Palaquium vexillatum
- Conservation status: Endangered (IUCN 3.1)

Scientific classification
- Kingdom: Plantae
- Clade: Tracheophytes
- Clade: Angiosperms
- Clade: Eudicots
- Clade: Asterids
- Order: Ericales
- Family: Sapotaceae
- Genus: Palaquium
- Species: P. vexillatum
- Binomial name: Palaquium vexillatum P.Royen

= Palaquium vexillatum =

- Genus: Palaquium
- Species: vexillatum
- Authority: P.Royen
- Conservation status: EN

Species of tree

Palaquium vexillatum is a tree in the family Sapotaceae. It is native to Borneo.

==Description==
Palaquium vexillatum grows up to 38 m tall. Its light brown bark is fissured. The papery leaves are elliptic to ovate and measure up to 9 cm long and up to 4.5 cm wide. The inflorescences bear up to five flowers.

==Taxonomy==
Palaquium vexillatum was first described by Dutch botanist Pieter van Royen in 1960. The type specimen was collected in Balikpapan in Borneo. The specific epithet vexillatum means 'flag-like', referring to the stipules.

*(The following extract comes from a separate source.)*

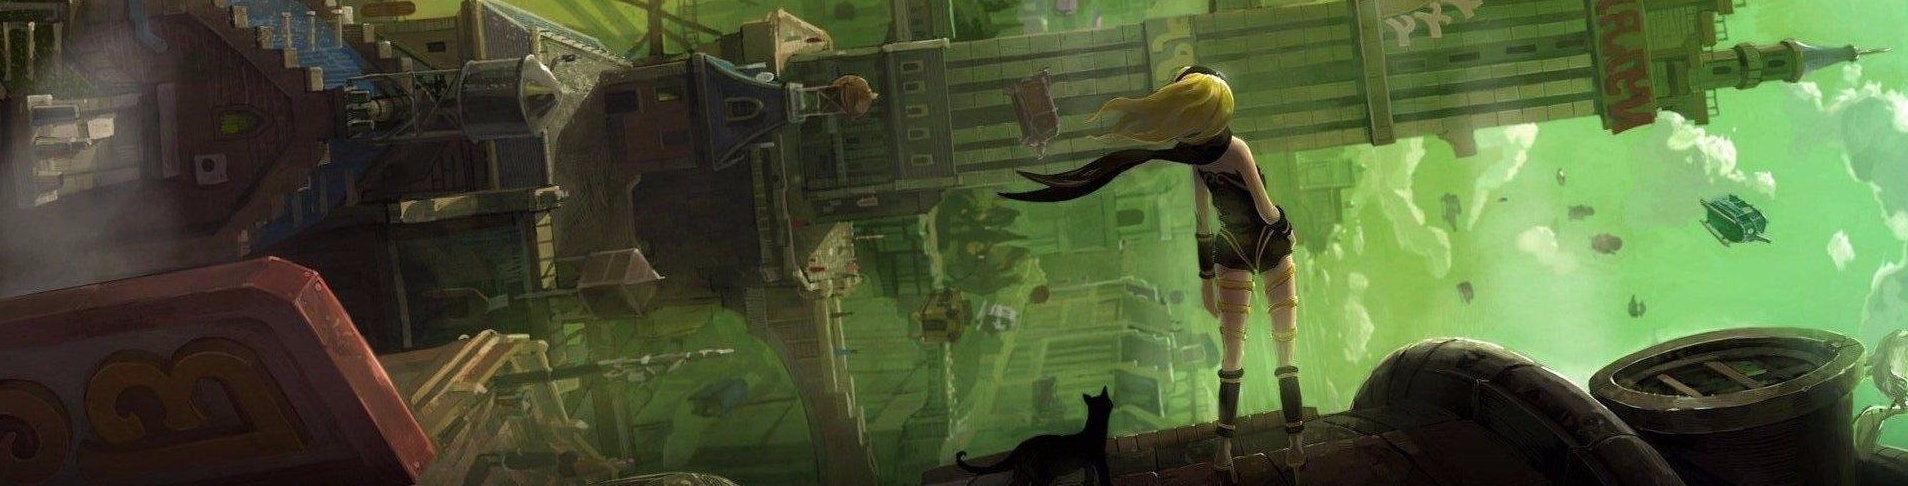 Image for Gravity Rush Remastered review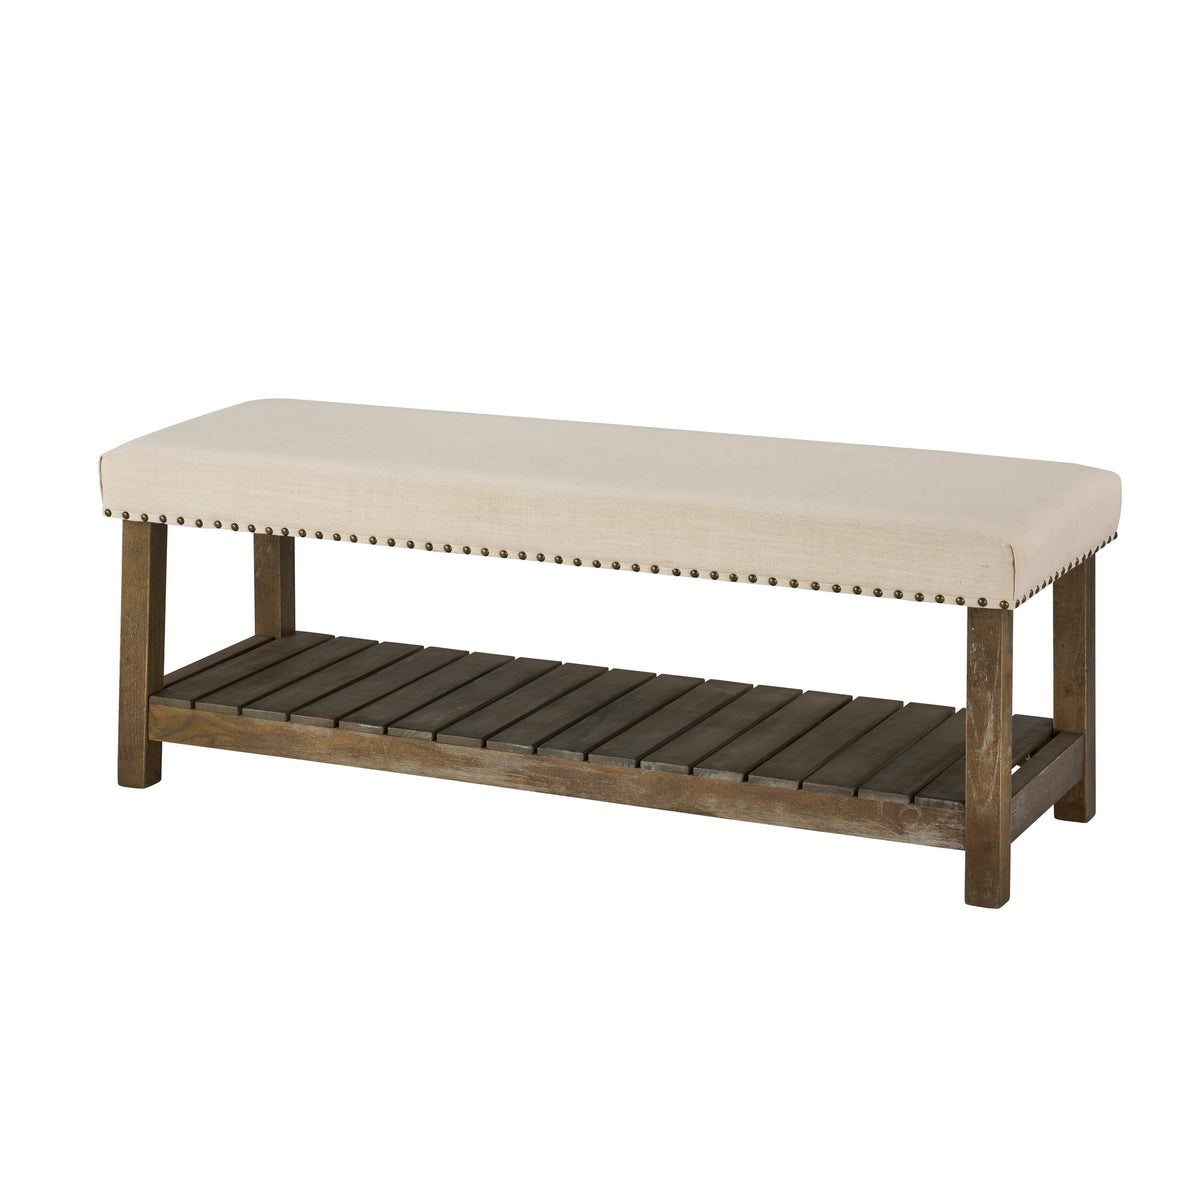 *-Bailey Bench (Putty)

==Distribution and habitat==
Palaquium vexillatum is endemic to Borneo. Its habitat is in secondary forests, to elevations of 600 m.

==Conservation==
Palaquium vexillatum has been assessed as endangered on the IUCN Red List. The species' habitat is threatened by deforestation and conversion of land for plantations. The species is not known from any protected areas.